I am running 3 different model (Random forest, Gradient Boosting, Ada Boost) and a model ensemble based on these 3 models.
I managed to use SHAP for GB and RF but not for ADA with the following error:
Exception Traceback (most recent call last)
in engine
----> 1 explainer = shap.TreeExplainer(model,data = explain_data.head(1000), model_output= 'probability')
/home/cdsw/.local/lib/python3.6/site-packages/shap/explainers/tree.py in __init__(self, model, data, model_output, feature_perturbation, **deprecated_options)

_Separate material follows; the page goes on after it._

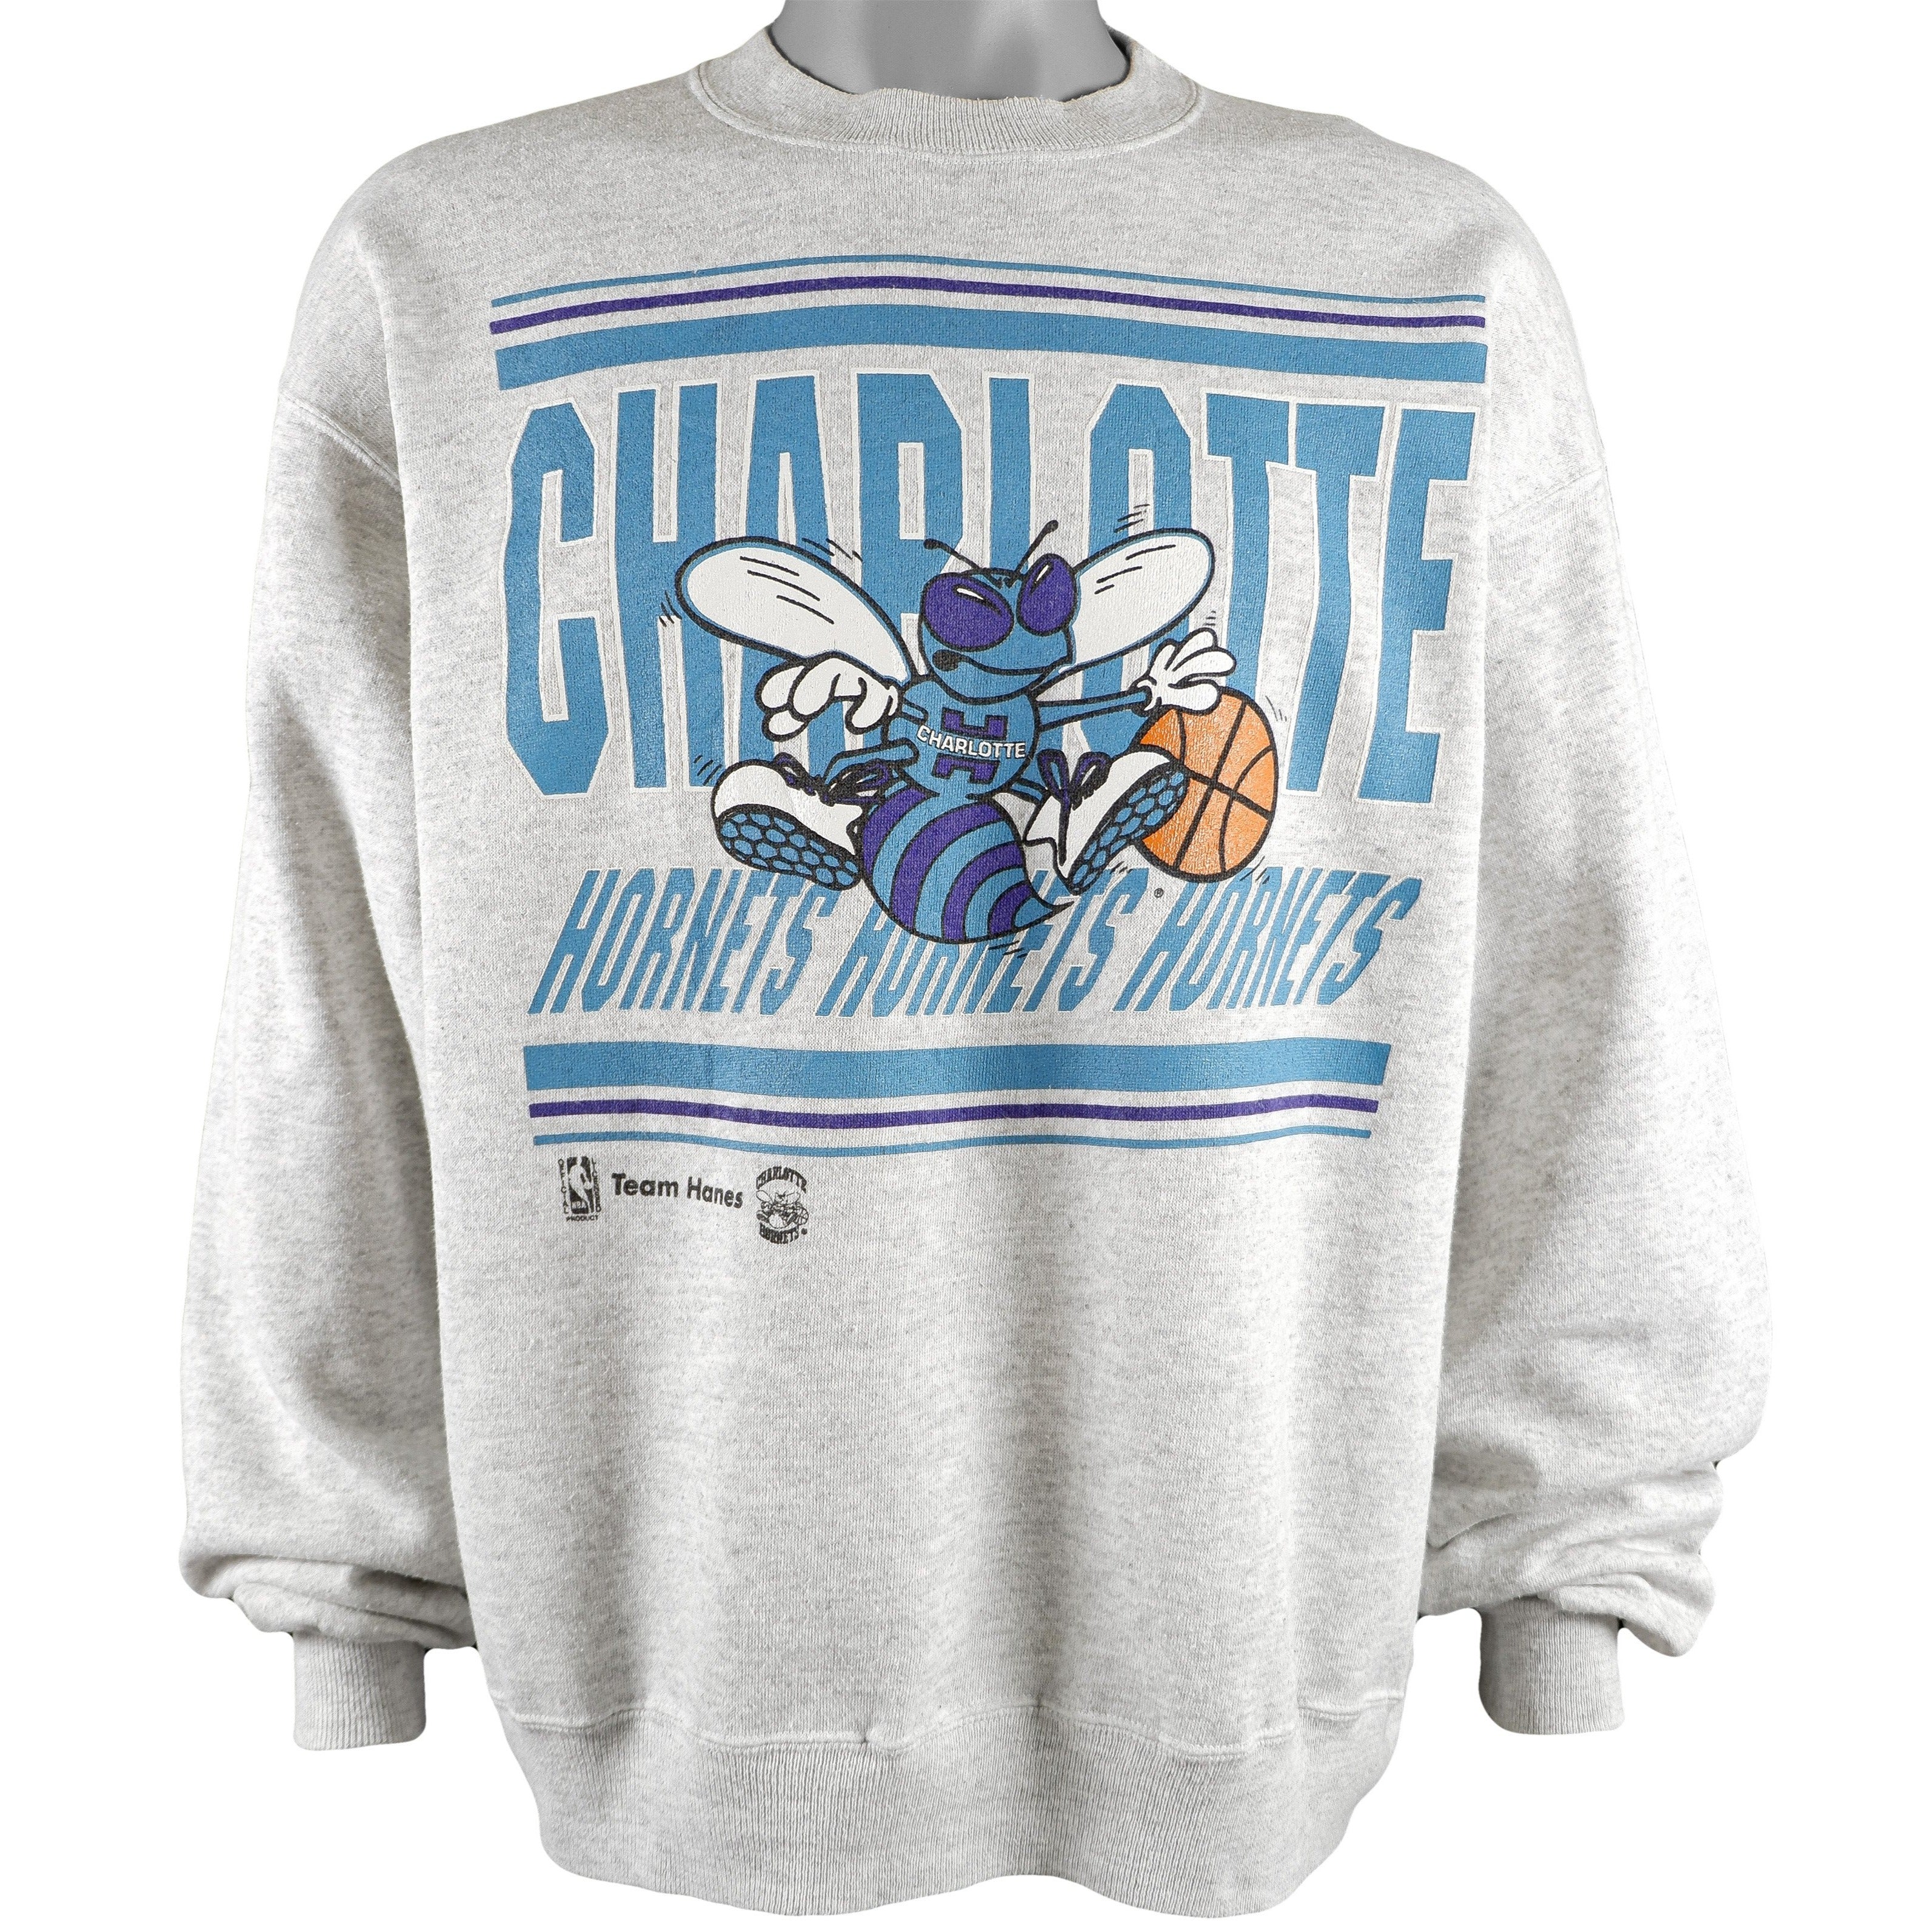 Charlotte Hornets T-Shirt Classic Retro Sweatshirt Basketball 90S

110 self.feature_perturbation = feature_perturbation
111 self.expected_value = None
--> 112 self.model = TreeEnsemble(model, self.data, self.data_missing)
113
114 if feature_perturbation not in feature_perturbation_codes:
/home/cdsw/.local/lib/python3.6/site-packages/shap/explainers/tree.py in __init__(self, model, data, data_missing)
752 self.tree_output = "probability"
753 else:
--> 754 raise Exception("Model type not yet supported by TreeExplainer: " + str(type(model)))
755
756 # build a dense numpy version of all the tree objects
Exception: Model type not yet supported by TreeExplainer: <class 'sklearn.ensemble._weight_boosting.AdaBoostClassifier'>
I found this link on Git that state
TreeExplainer
creates a TreeEnsemble object from whatever model type we are trying to explain, and then works with that downstream. So all you would need to do is and add another if statement in the
TreeEnsemble
constructor similar to the one for gradient boosting
But I really don't know how to implement it since I quite new to this.